The dark web is a growing concern here in the Middle East. In the past years, it has redefined the art of hacking and expanded the range of threats that organisations need to tackle.

Many get the terms “deep web” and “dark web” confused; however, they are very two distinctive things. The deep web is the entire portion of the web that is not accessible by conventional search engines. It is not indexed like the rest of the internet, so people are not able to access it easily. Some say this makes up 99 percent of the entire internet. The dark web on the other hand is a smaller portion of the deep web, consisting of certain websites within the deep web that are linked to criminal activity and illegal marketplaces.

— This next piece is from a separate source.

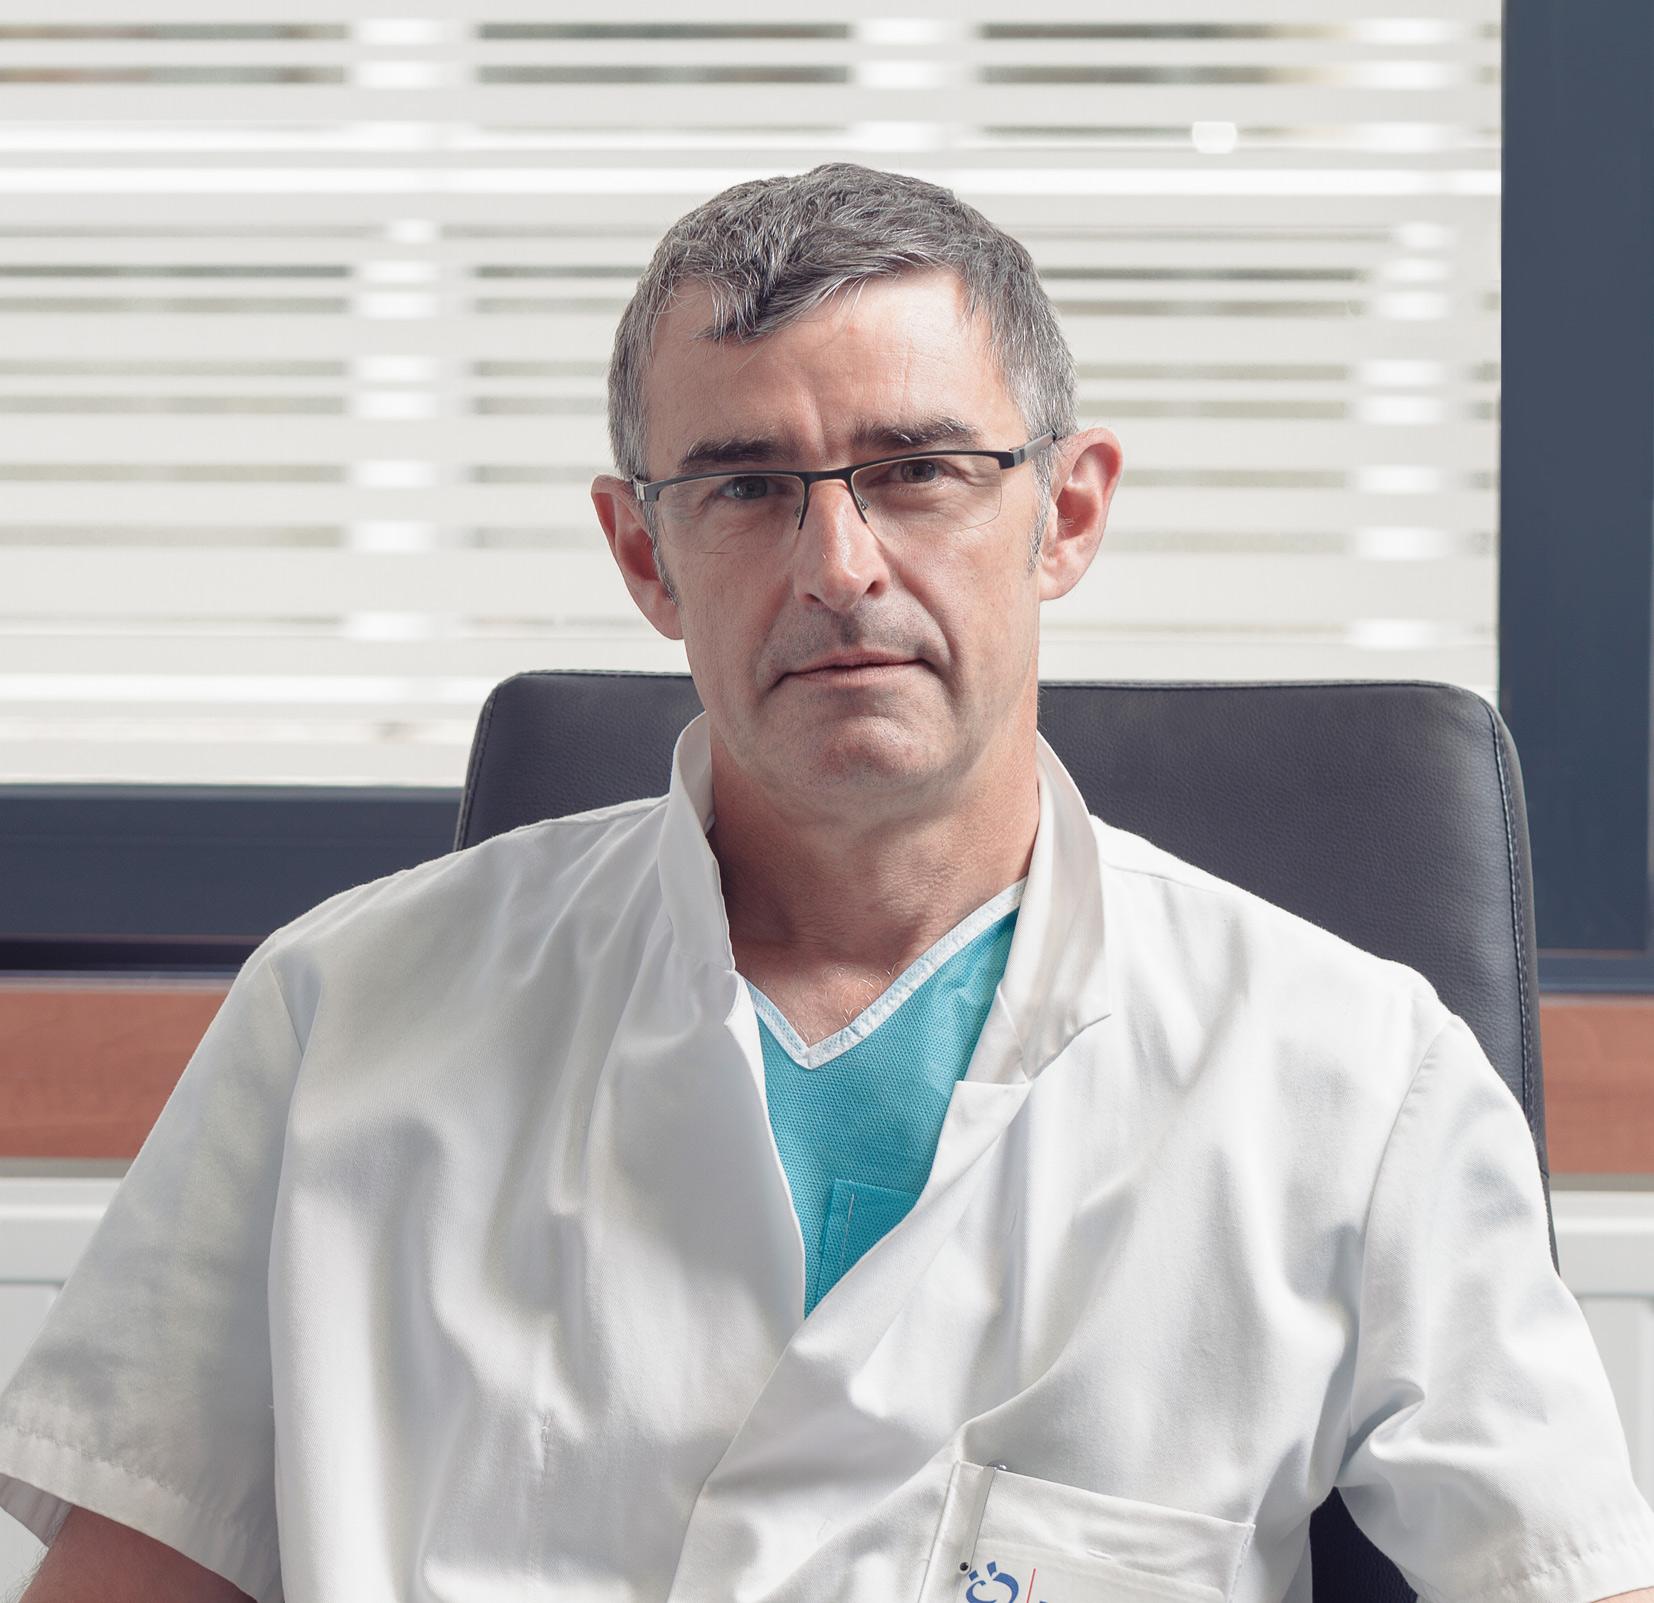 Dr Jean-Luc L'Helgouarc'h

To access the dark web users will need an anonymous browser, such as The Onion Router (TOR), to access it as it is typically used to trade illicit goods such as weapons and drugs. TOR aims to conceal its users’ identities and their online activity from surveillance and traffic analysis by separating identification and routing. Using the dark web, cyber criminals can sell malware, credit card dumps, stolen credentials, access to an organization’s systems, etc.

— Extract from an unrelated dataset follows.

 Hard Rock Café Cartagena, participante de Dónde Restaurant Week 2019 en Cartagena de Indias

Most hackers and criminal groups can communicate on the dark web without any fear of interception. This means it’s possible for them to share best practices and new techniques that can be used to compromise sensitive data of organisations’ networks without getting caught. Even more, since organisations are not equipped enough to intercept communication on the dark web, its often difficult to find out if their data has been compromised.

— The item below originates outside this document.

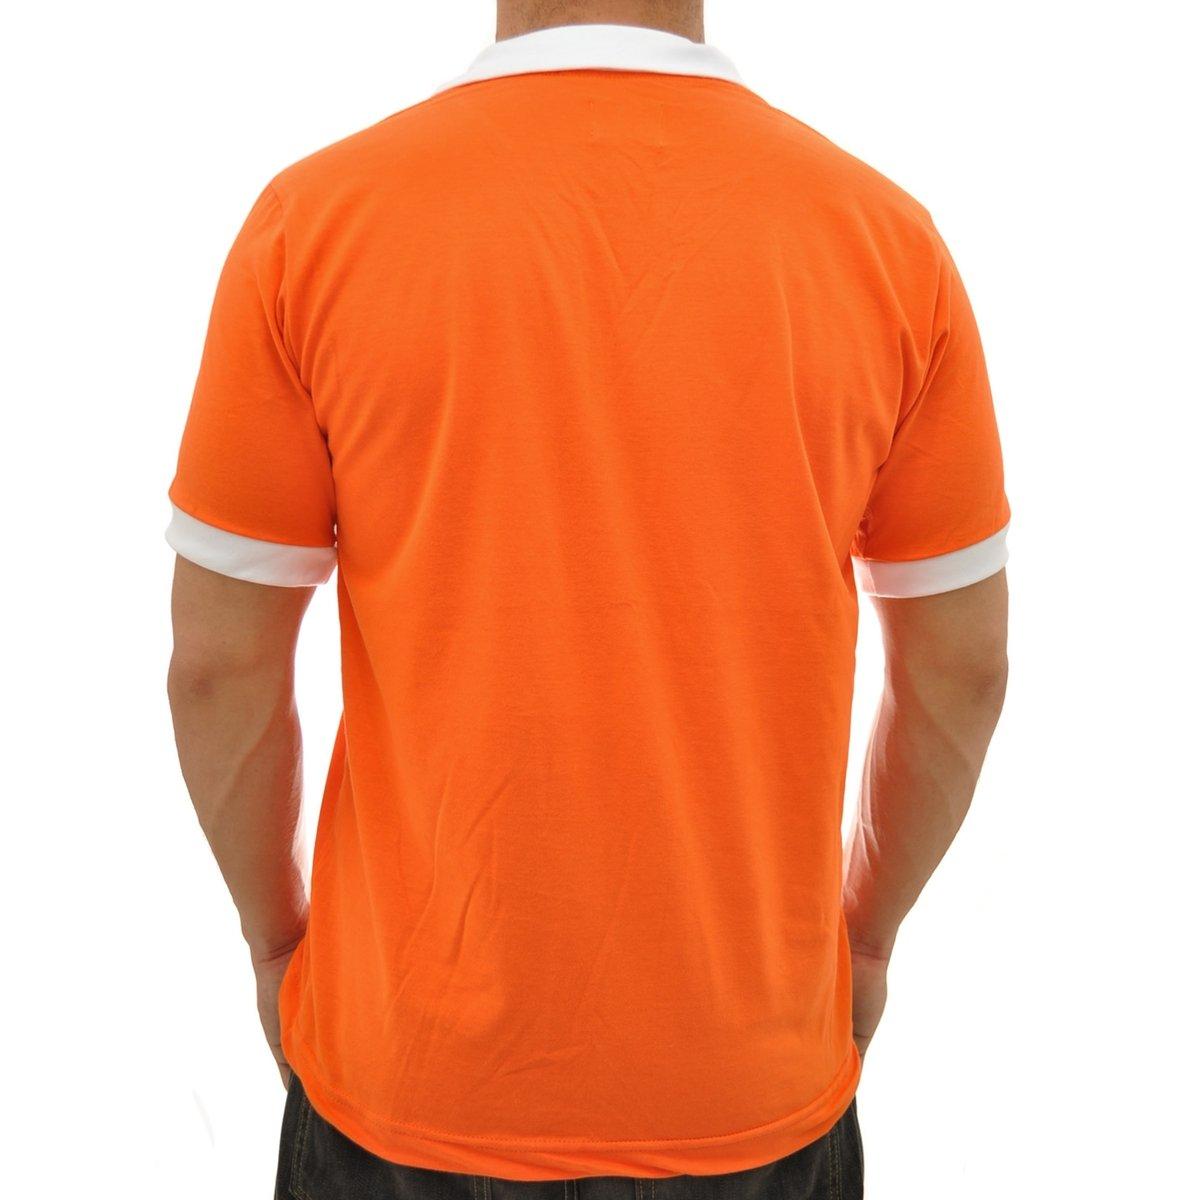 Camisa Retrô Mania Holanda 1990 Masculina - Laranja - Compre Agora ... 7e78eecf9f1e5

To give you an example of the damage the dark web can have on an organization, in 2017, Amazon.com was targeted by sophisticated criminals operating from the dark web. Hackers gained access to third party seller accounts before distributing their data on the dark web. The criminals modified the seller’s Amazon account details to direct payments to hacker-controlled bank accounts. Some sellers lost more than $100,000 of revenue before Amazon detected the compromise.

How to combat cyberattacks on the dark web

It is crucial for organisations to outsmart the cyber criminals using the dark web. Here’s where to start:

Monitoring: Organisations must ensure that their IT team is monitoring as many segments of the dark web as possible. The threats should be monitored across multiple cybercrime zones to understand if any employee or customer data is being actively traded on the dark web.

 Effective defense strategy: Organisations must create an effective dark web defensive strategy that alerts them in advance and provides the intelligence needed to take appropriate action against having their data leaked on the dark web. To give you an example, for years, FireEye has seen airlines and third-party ticket sellers exploited so that illicit tickets could be resold for profit on the dark web. Airlines are a common target of cyber criminals as they hold a wide variety of sensitive data which can be easily traded on the dark web.

 Eliminate vulnerabilities through employee training: If an employee accesses the dark web through company network, he or she might open the network to risks and allow company information to become compromised. Sometimes poor employee habits such as using the same password for multiple accounts and opening malicious emails can also cause companies to lose sensitive data which is then traded on the dark web.

Governments in the Middle East are working to create awareness about the dark web to ensure safety. In 2016 for example, the UAE government banned the use of TOR, which in turn prohibited the use of the dark web within the country. Today, every big or small organisation in the region understands the risk of cyber criminal activity; however, there is still little awareness about the risks of the dark web. This means, organisations and governments need to work together to defend against dark web activity.